*Work to be completed*:
Leaving out every picture, quote the data below exactly as it appears.

*Data section*:
_____
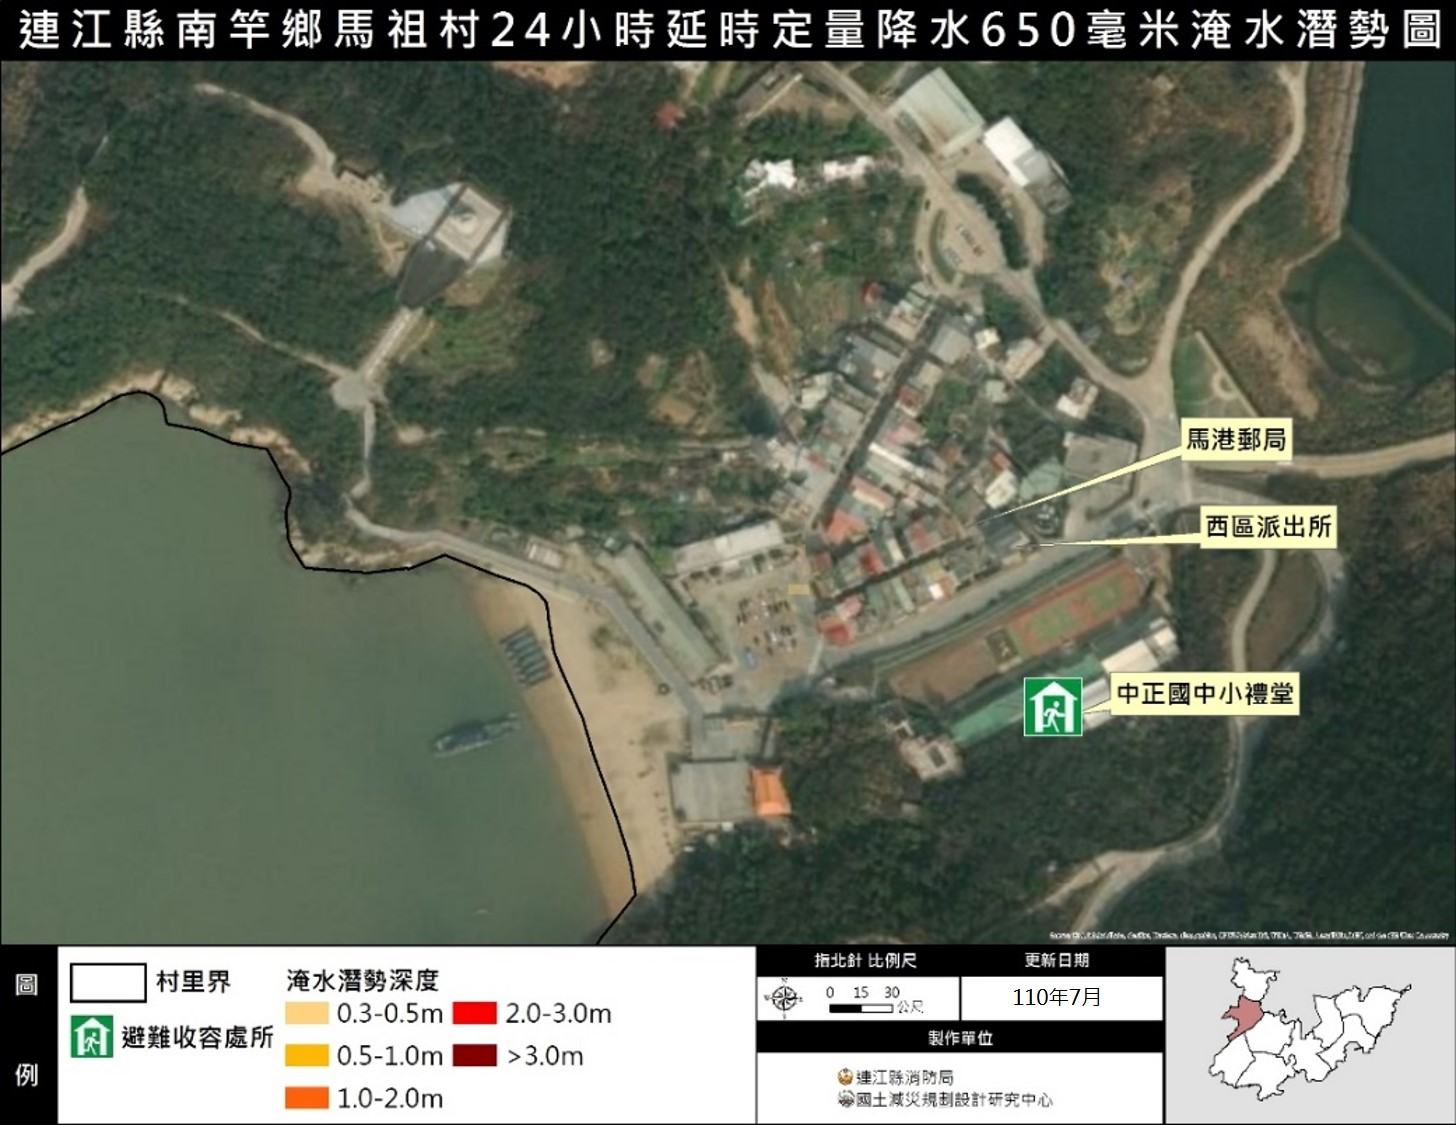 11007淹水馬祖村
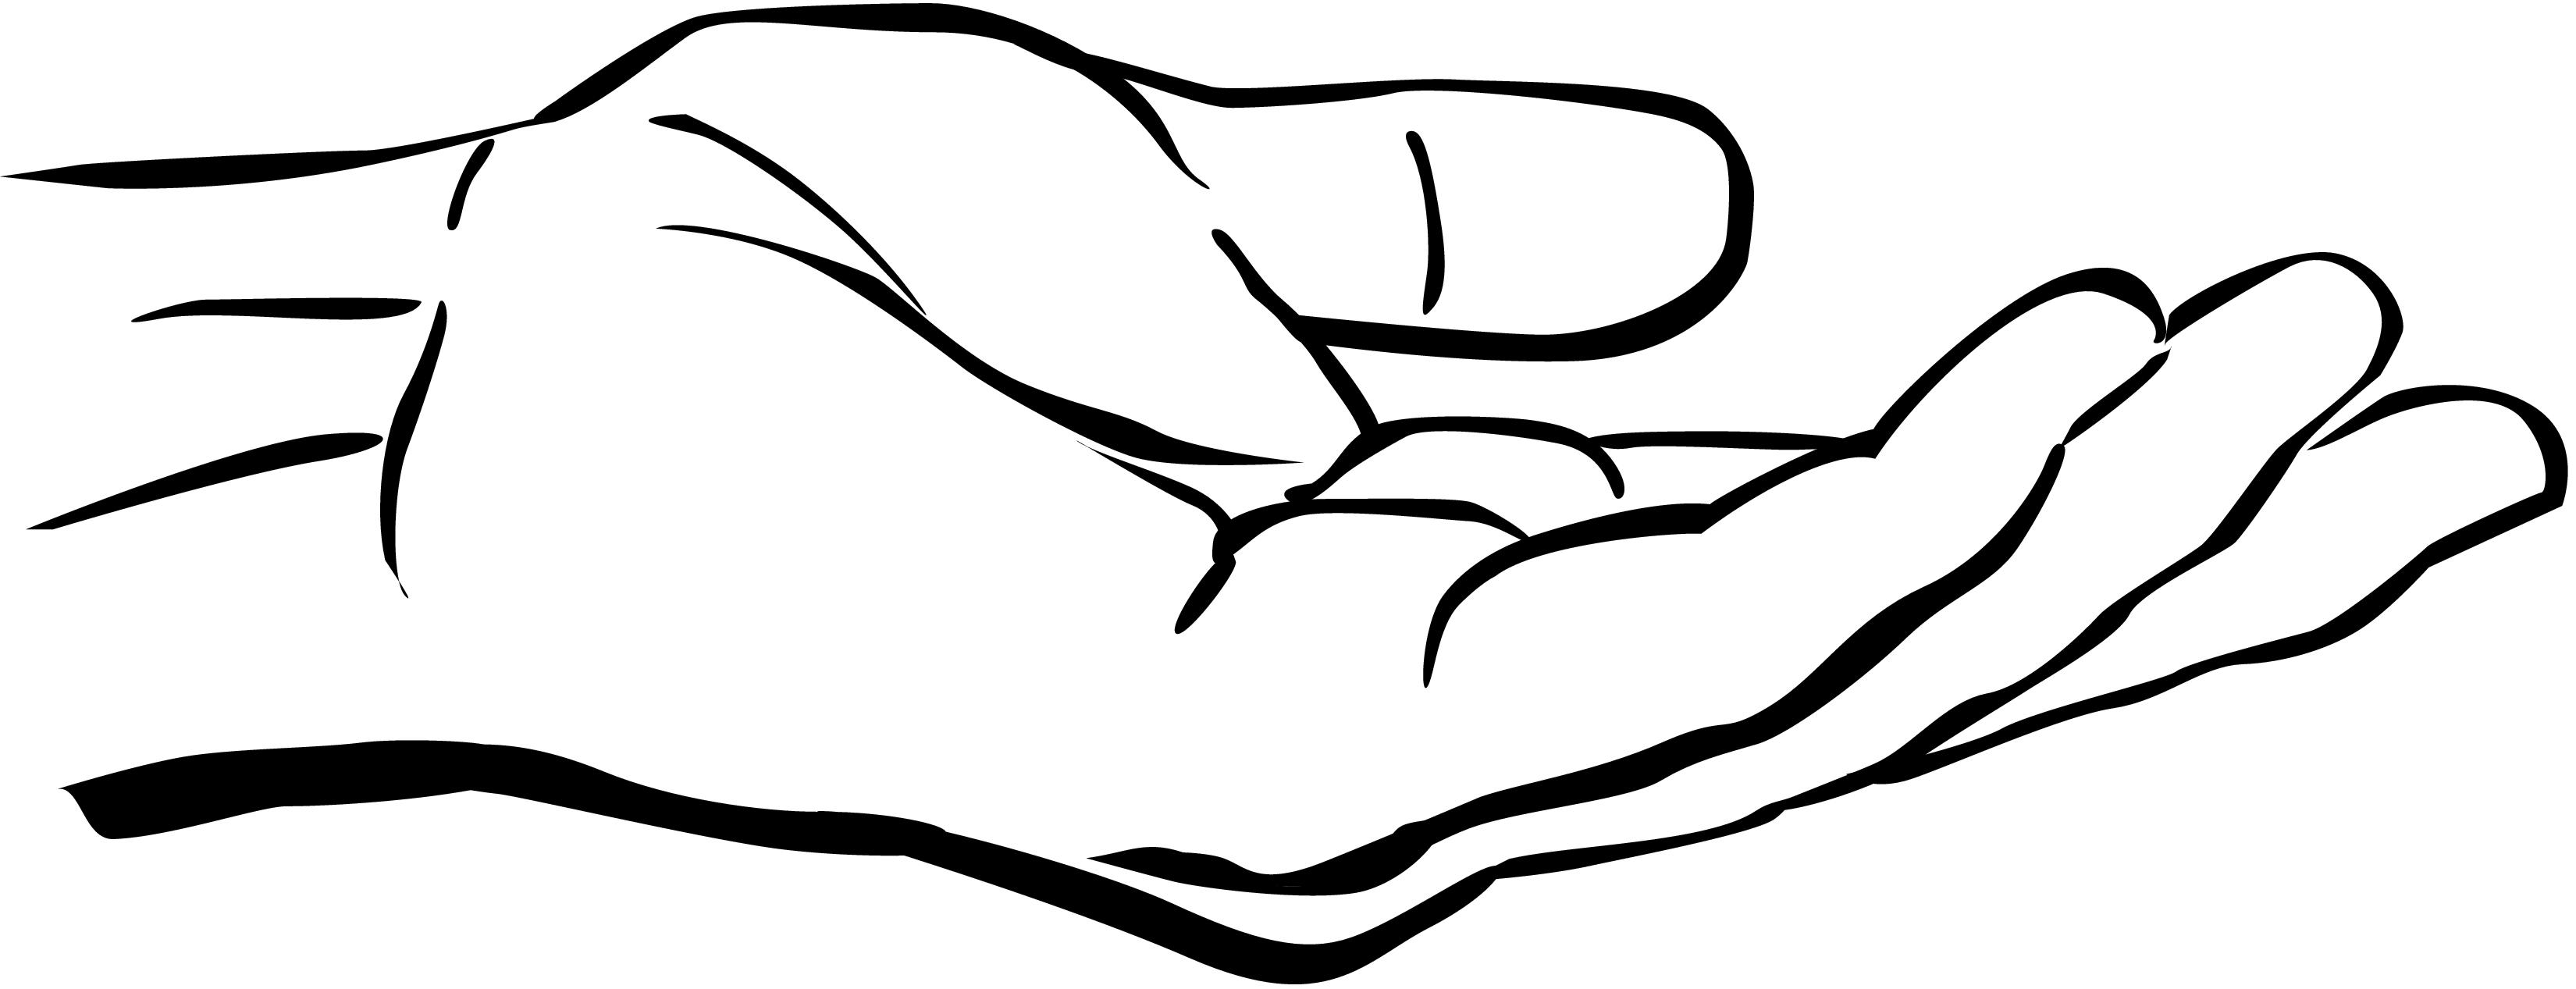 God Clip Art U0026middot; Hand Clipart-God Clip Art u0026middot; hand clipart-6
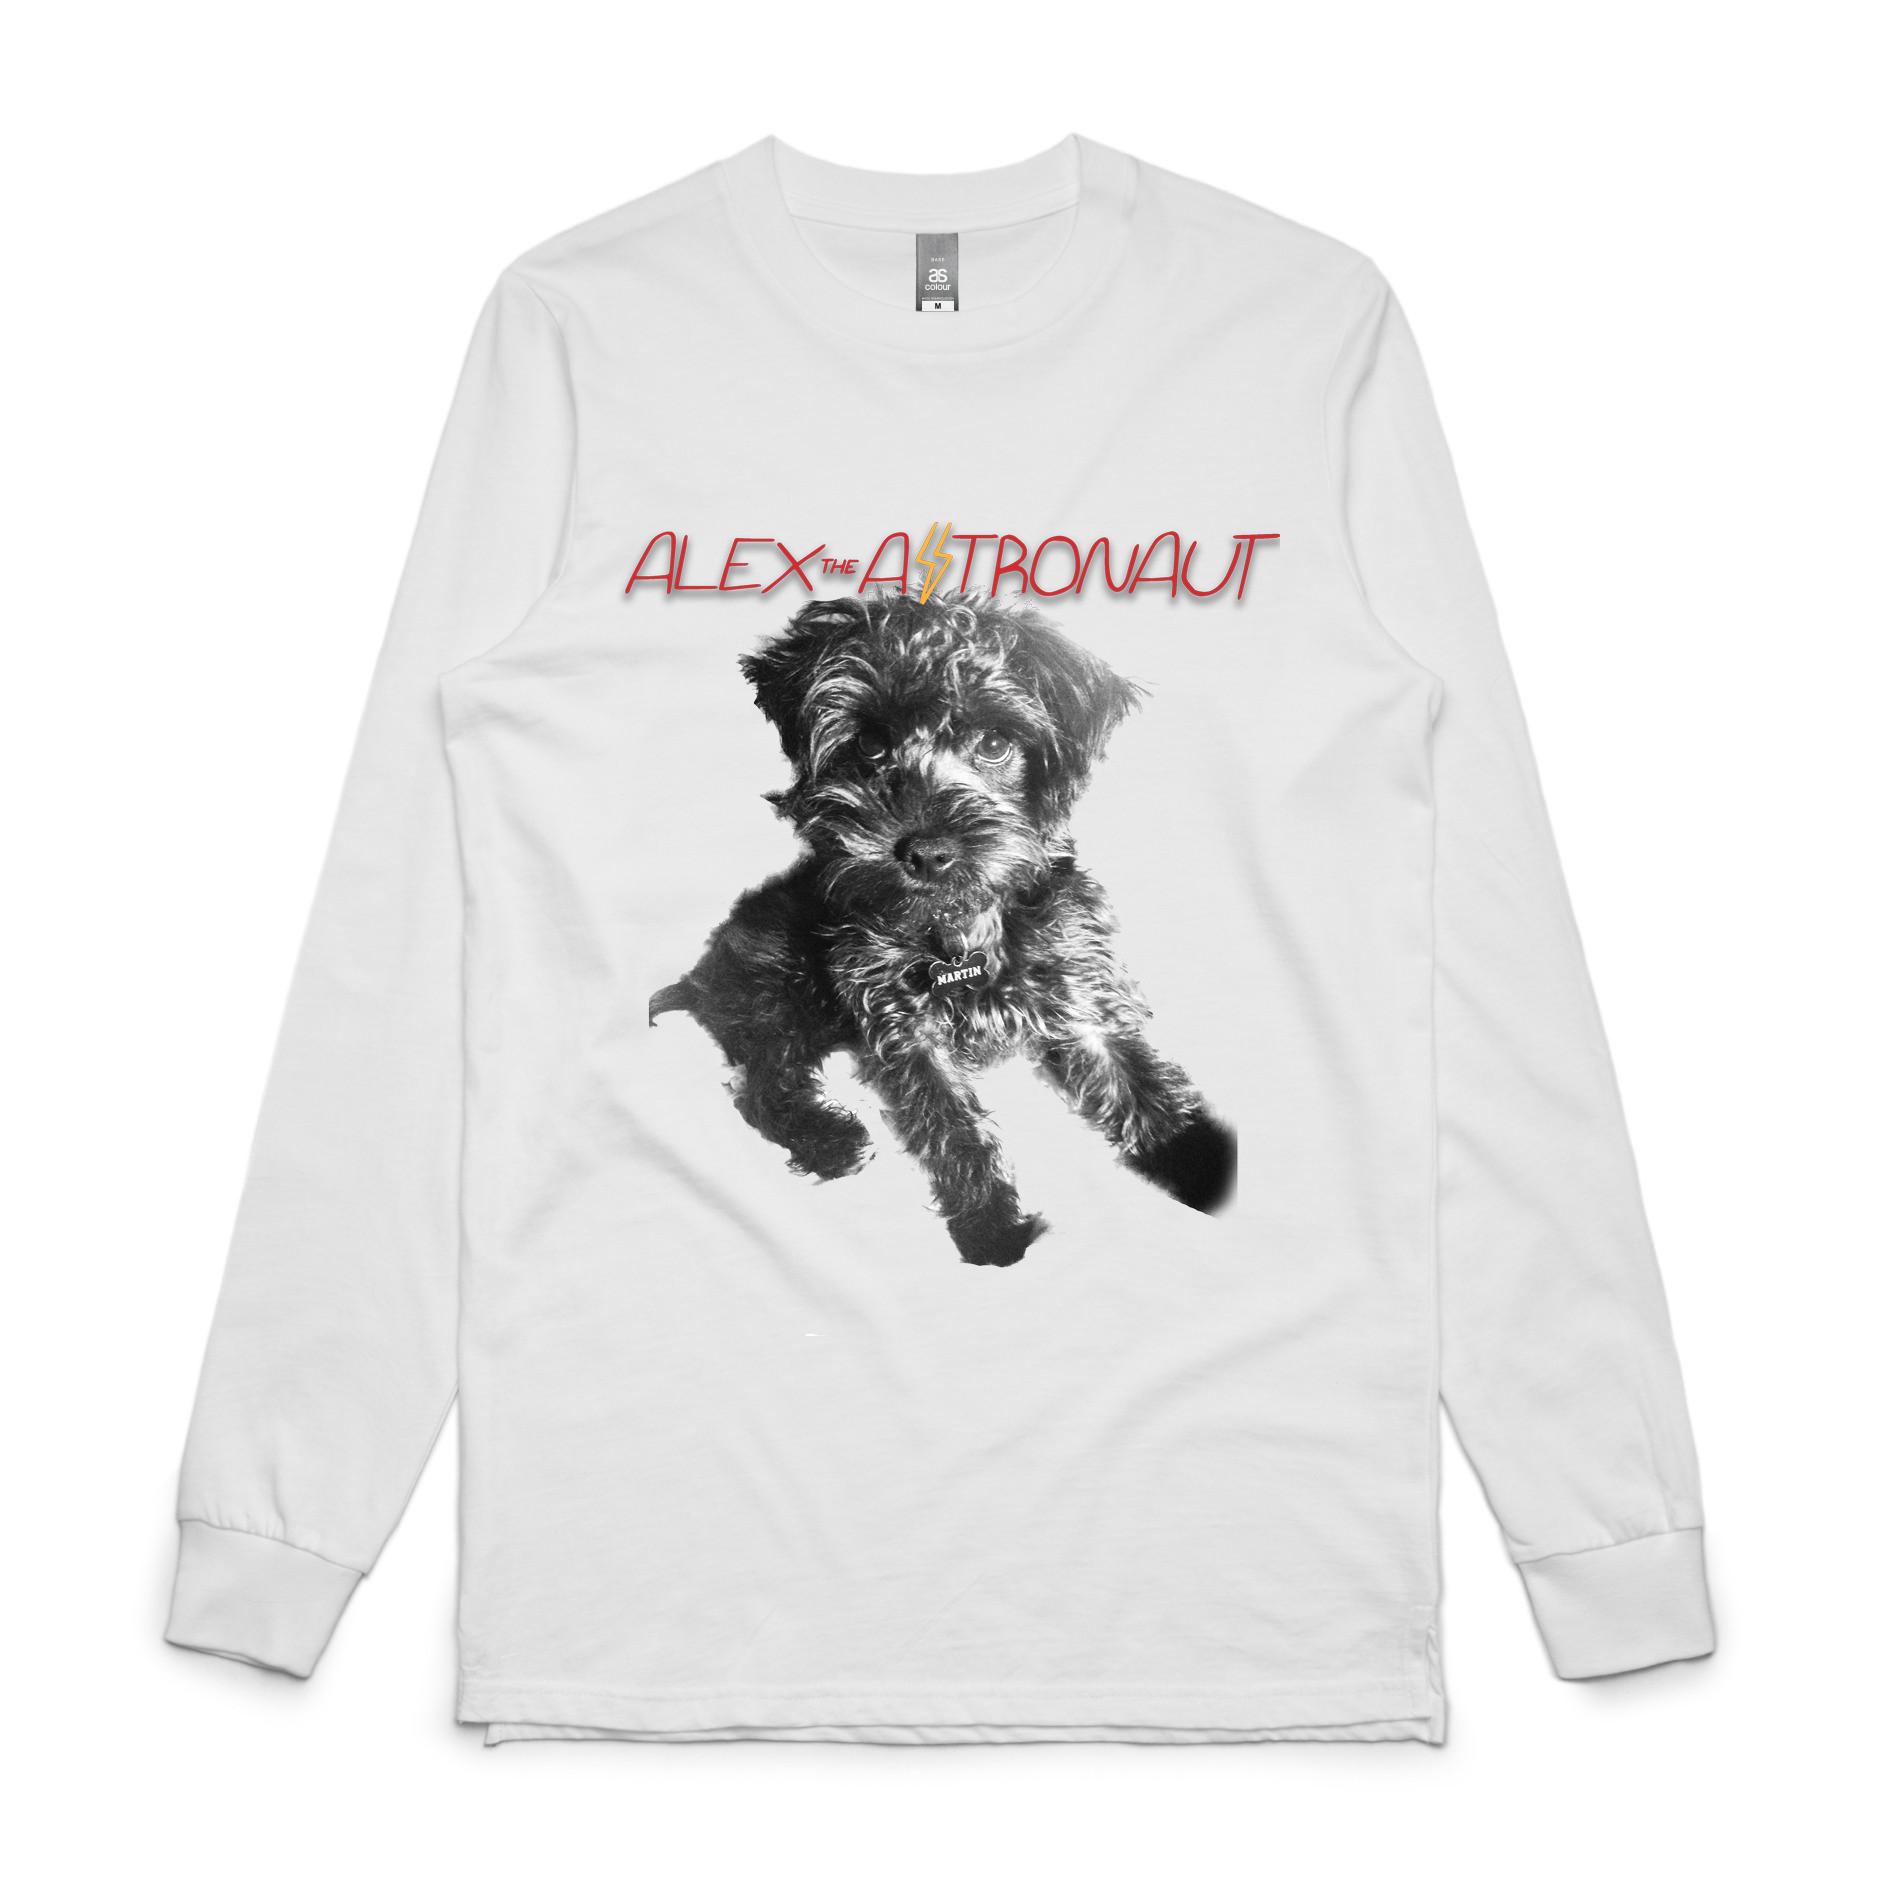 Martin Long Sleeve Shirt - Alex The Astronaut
_____
*Solution below*:
 11007淹水馬祖村
 God Clip Art U0026middot; Hand Clipart-God Clip Art u0026middot; hand clipart-6
 Martin Long Sleeve Shirt - Alex The Astronaut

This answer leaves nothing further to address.